Exercise.
Only the lines from the one containing "Nike Introduces Calm" through the last line below belong in your copy; transcribe them exactly and omit any pictures.
┌─ Data provided
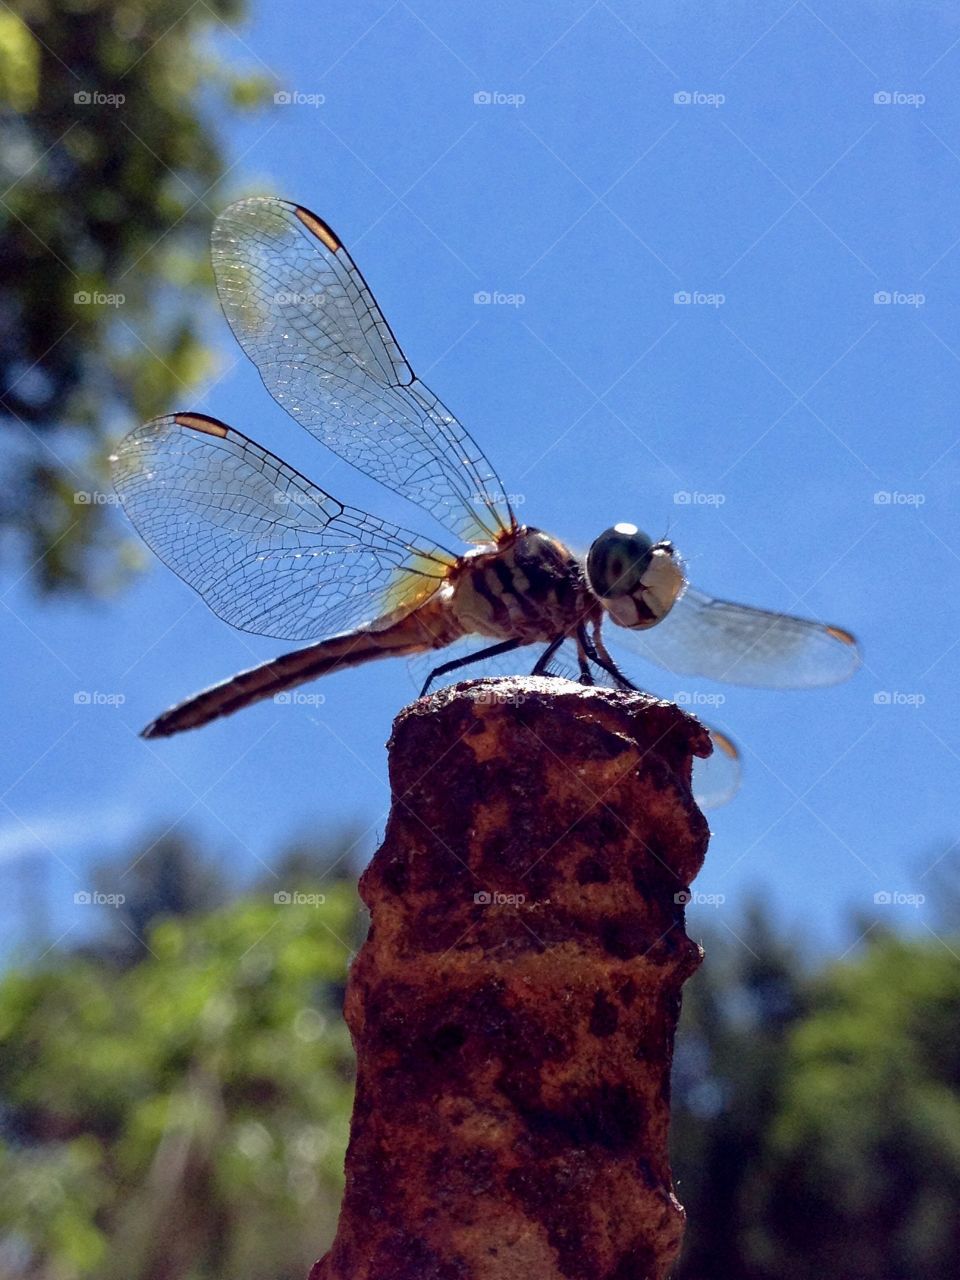 Dragonfly from below sitting on rebar, blue sky!
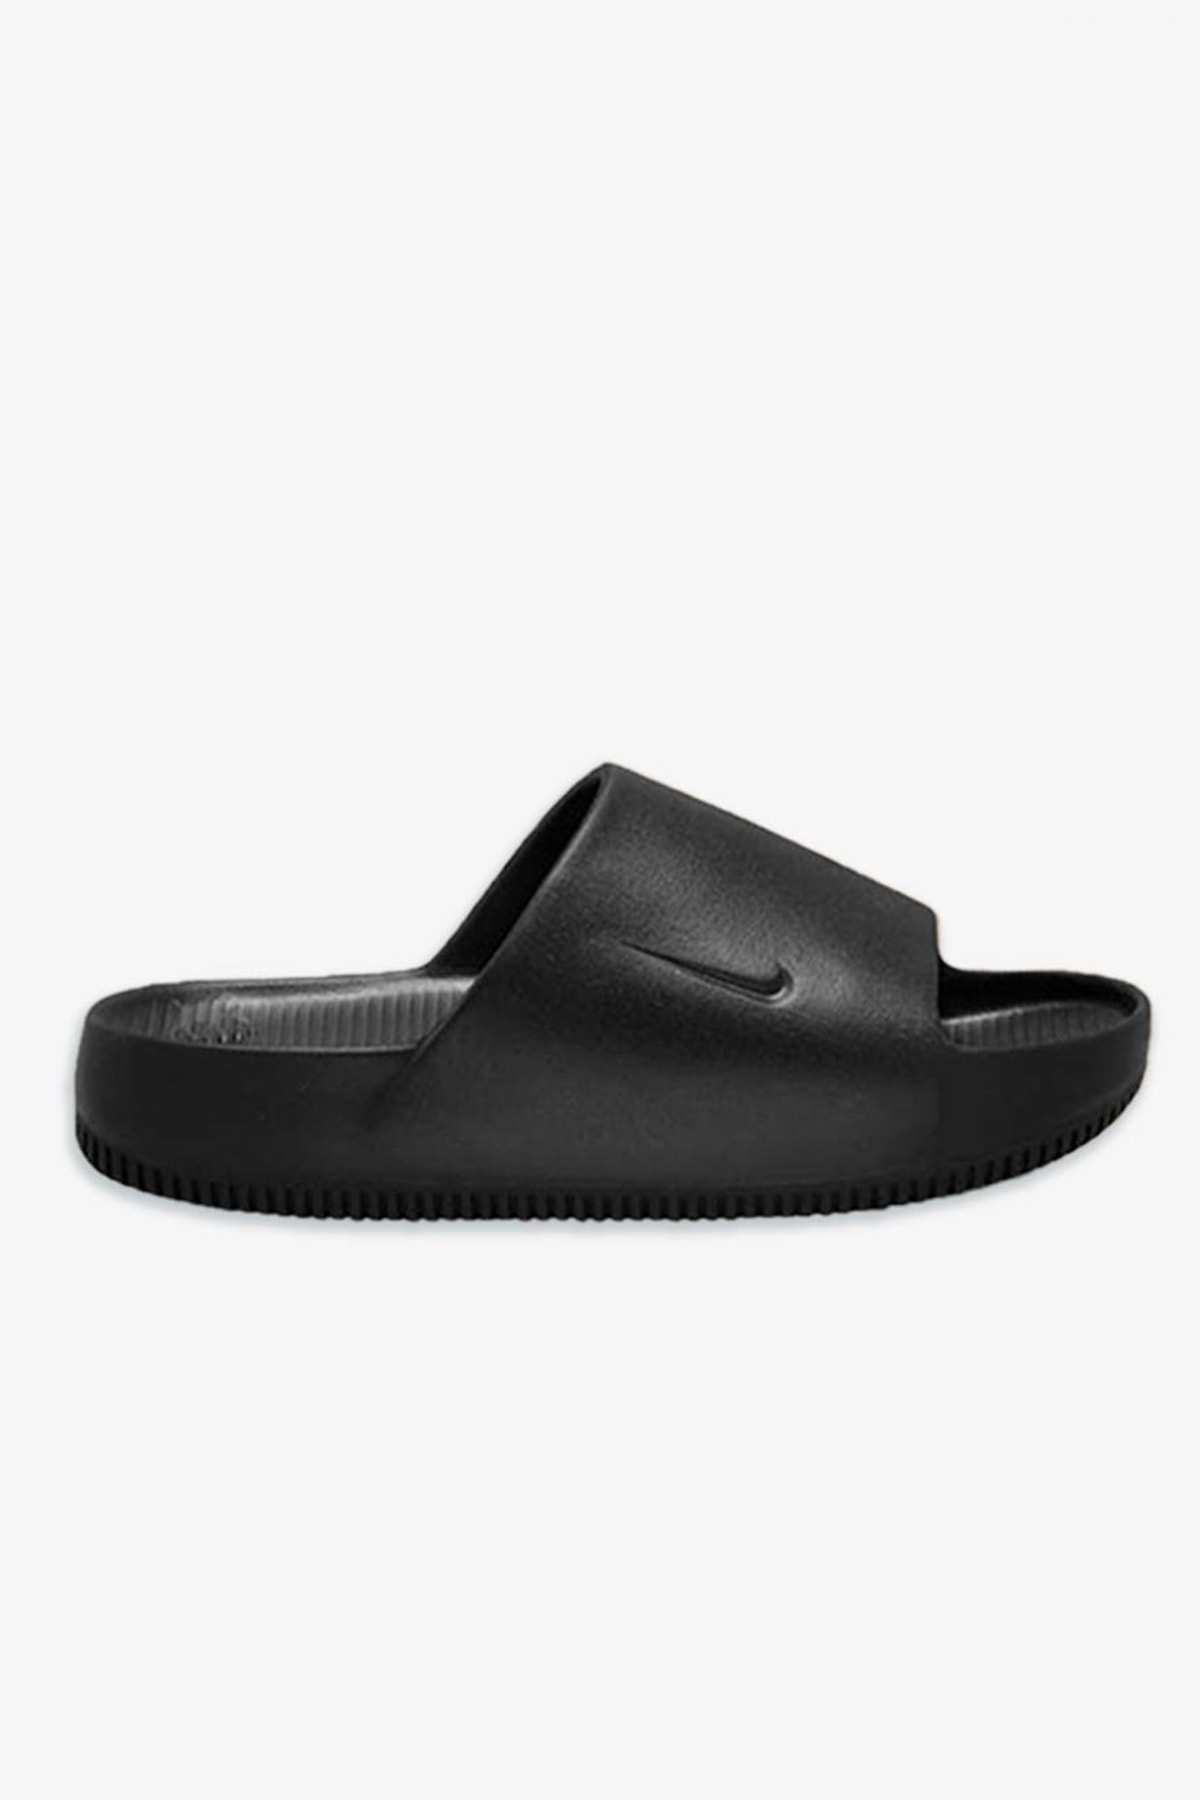 Nike Introduces Calm Slides Sandals Release Info
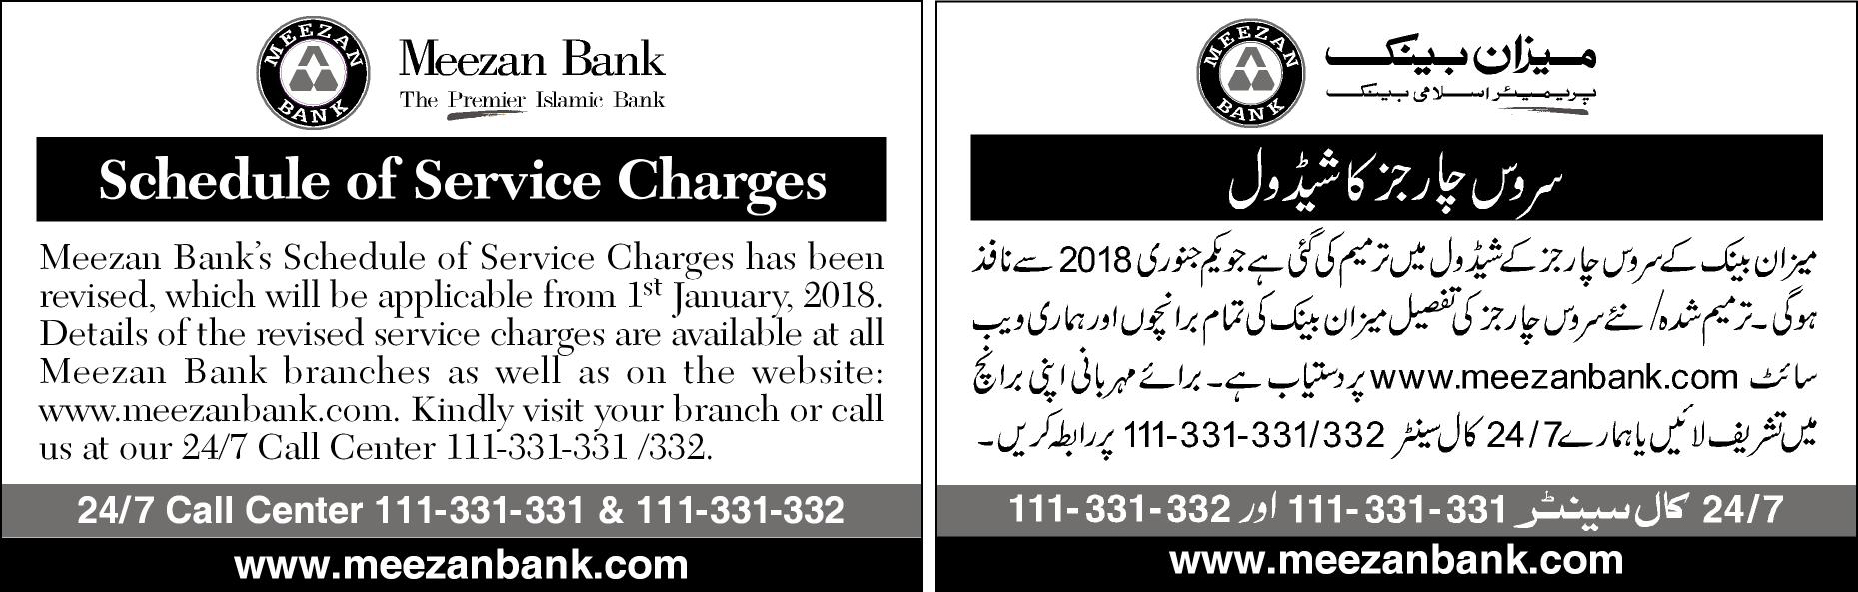 Schedule of Service Charges(01-12-17)
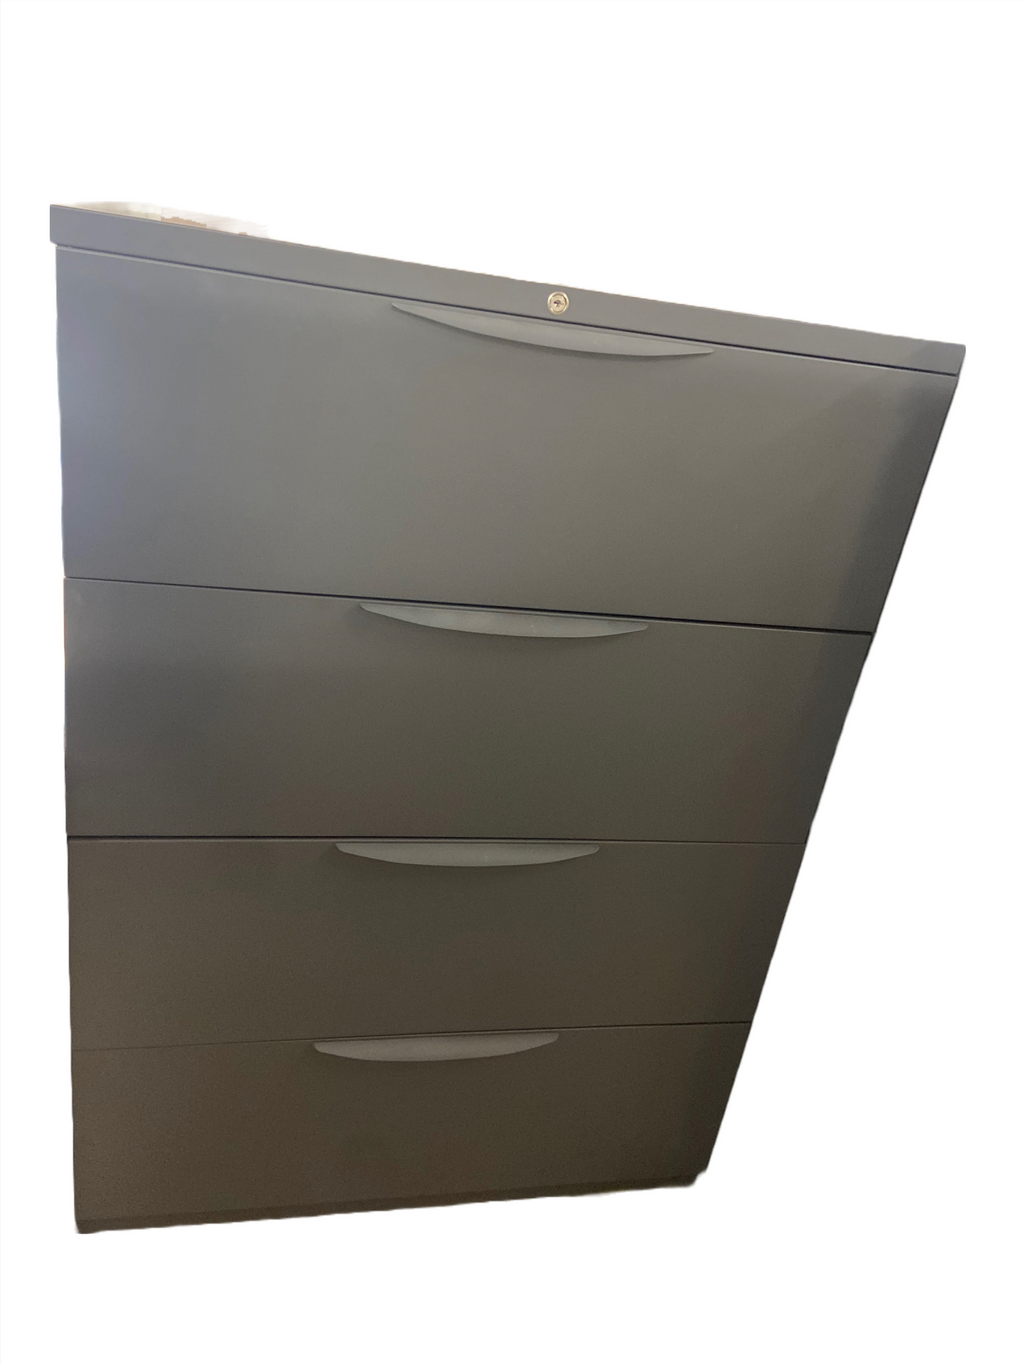 Pre-Owned Lateral File Cabinet by Haworth
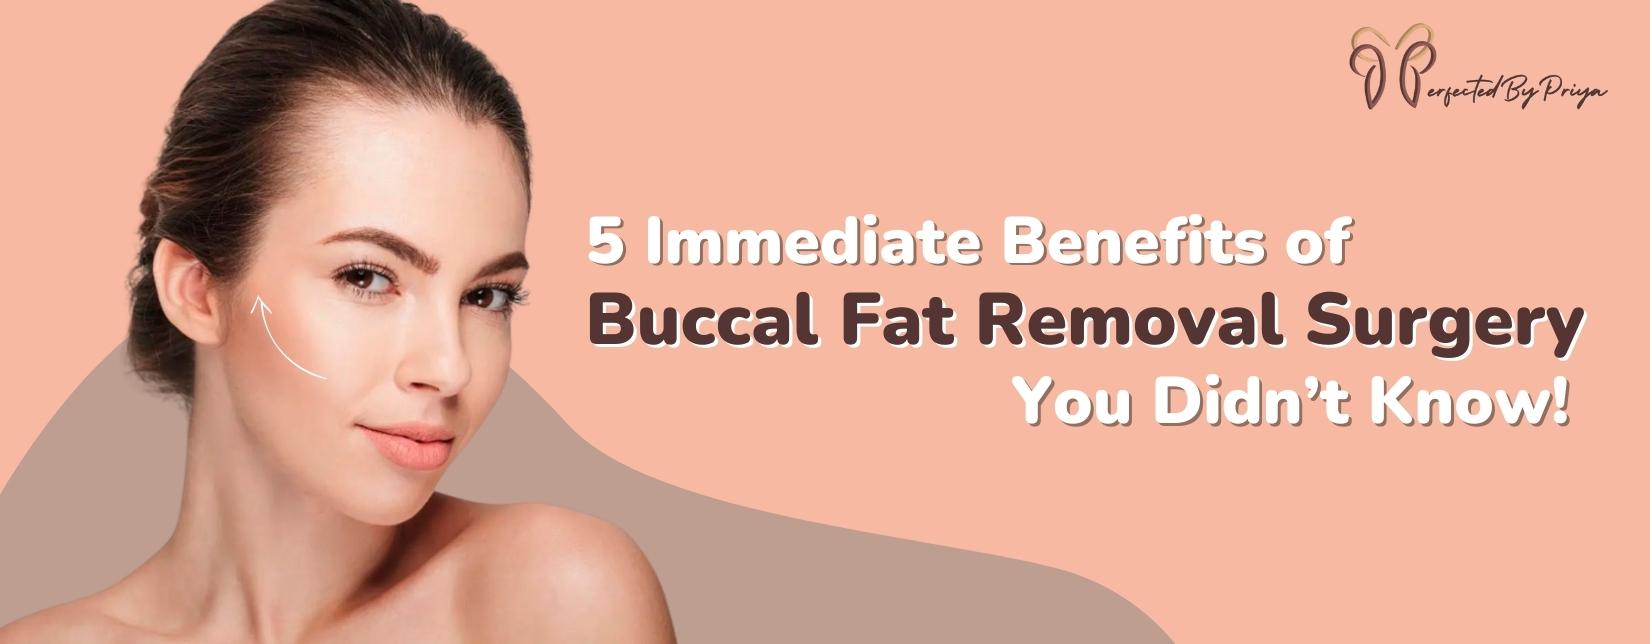 5 Immediate Benefits of Buccal Fat Removal Surgery You Didn't Know - Dr  Priya Bansal
└─
Exercise output.
 Nike Introduces Calm Slides Sandals Release Info
 Schedule of Service Charges(01-12-17)
 Pre-Owned Lateral File Cabinet by Haworth
 5 Immediate Benefits of Buccal Fat Removal Surgery You Didn't Know - Dr  Priya Bansal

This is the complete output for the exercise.